Being in a long distance relationship is taxing, to say
the least. I, of all people, would never have expected myself to be in one. As
of today, my boyfriend has been gone for almost two month now. Wow, it’s weird
to think that it’s been that long. I talk to him all day and then I Skype him
all the time. But today was the first day that I actually realized that I can not
drive the 45 minutes it usually takes to get to his house. It’s crazy the
amount that I miss him right now.
He always tells me about how bad he’s feeling because he’s
so far away. I know he feels like it’s his fault that I’m sad sometimes. He
feels homesick for the first time.
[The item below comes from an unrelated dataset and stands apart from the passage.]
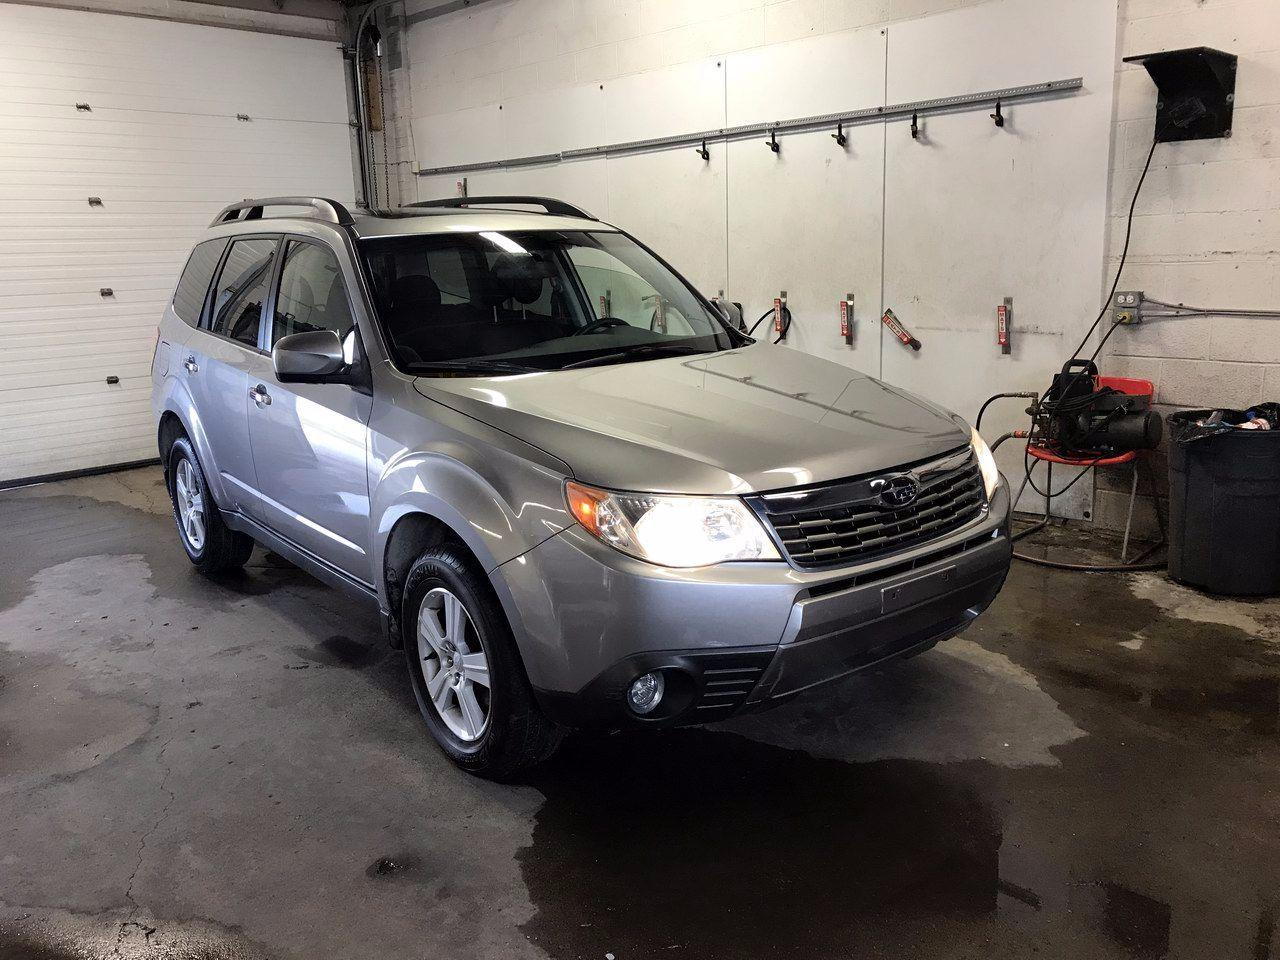 Photo of Silver 2009 Subaru Forester

Until I came along, he had no intentions of
coming back to the states so soon.
Whenever people talk to me about it they always say that
the cheating is what is so hard for them. But, I honestly, have no desire to be
with anyone else beside him. When other guys, try to hit on me it really just
disgusts me. But, if it’s funny I tend to friend zone them.
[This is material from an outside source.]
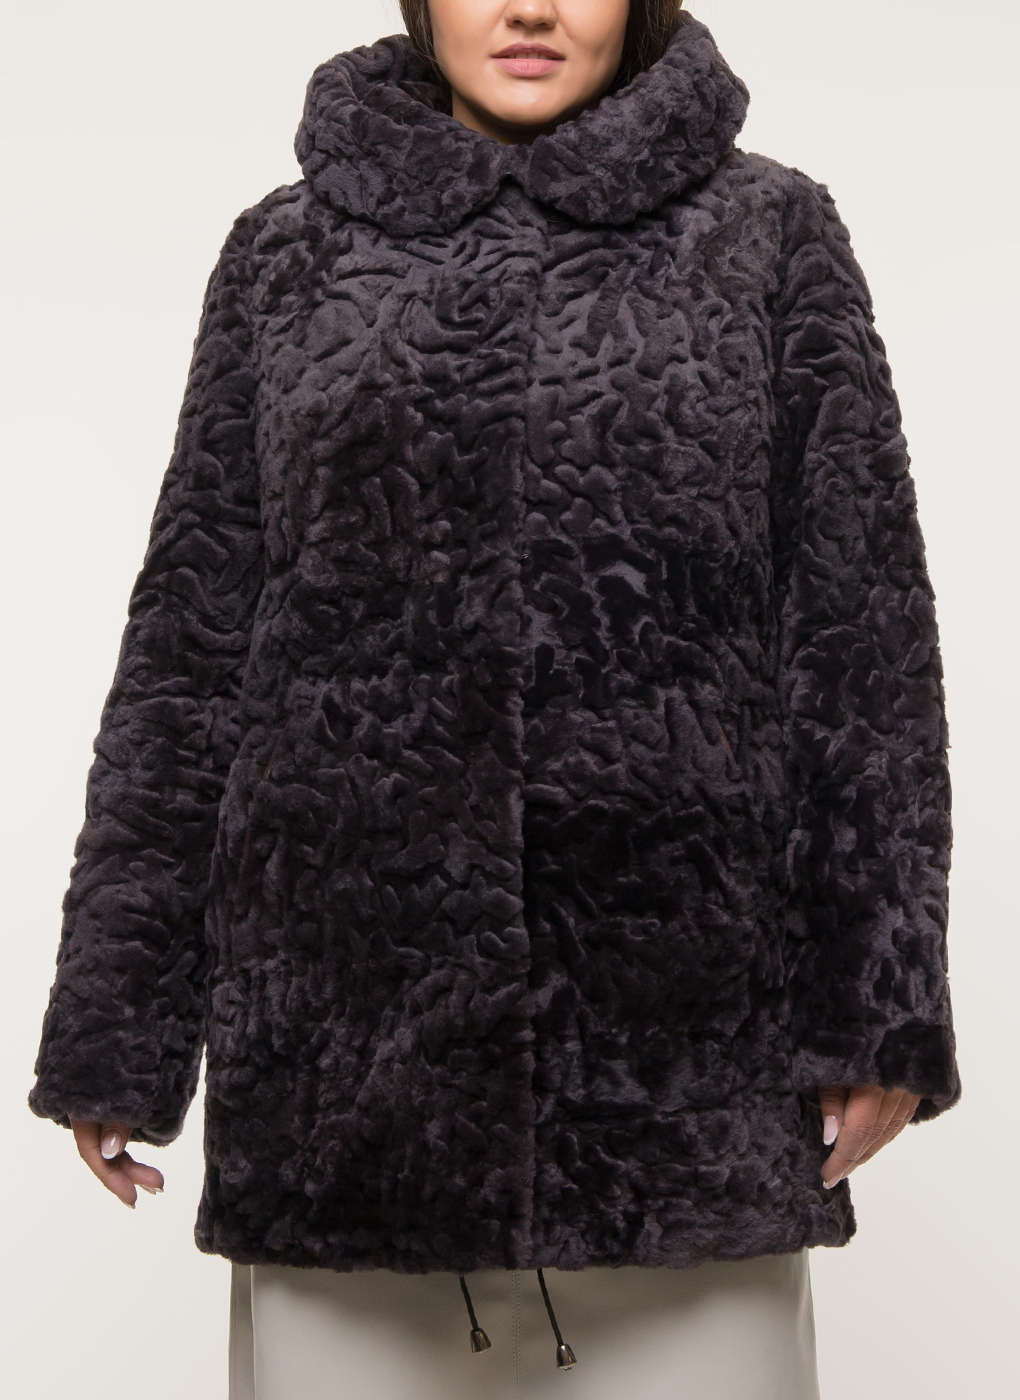 Куртка из овчины прямая 01, Anna Romanova furs фото

The hardest part about it all is the risks of the whole
thing. We have lots of plans for when he comes home from school. But not
everything can be set in stone because things are so up in the air.
It’s just such an abstract relationship. I can’t touch or
feel him. I can only see him because of the Internet but even still there is a
lot of solidarity in that. I trust him enough to accept it all to be true but
then again he’s only been gone for two months. Even in those two months I feel
like I’ve grown closer to him. Learned more about him.
Ew. The level of mush in this post… it’s gross.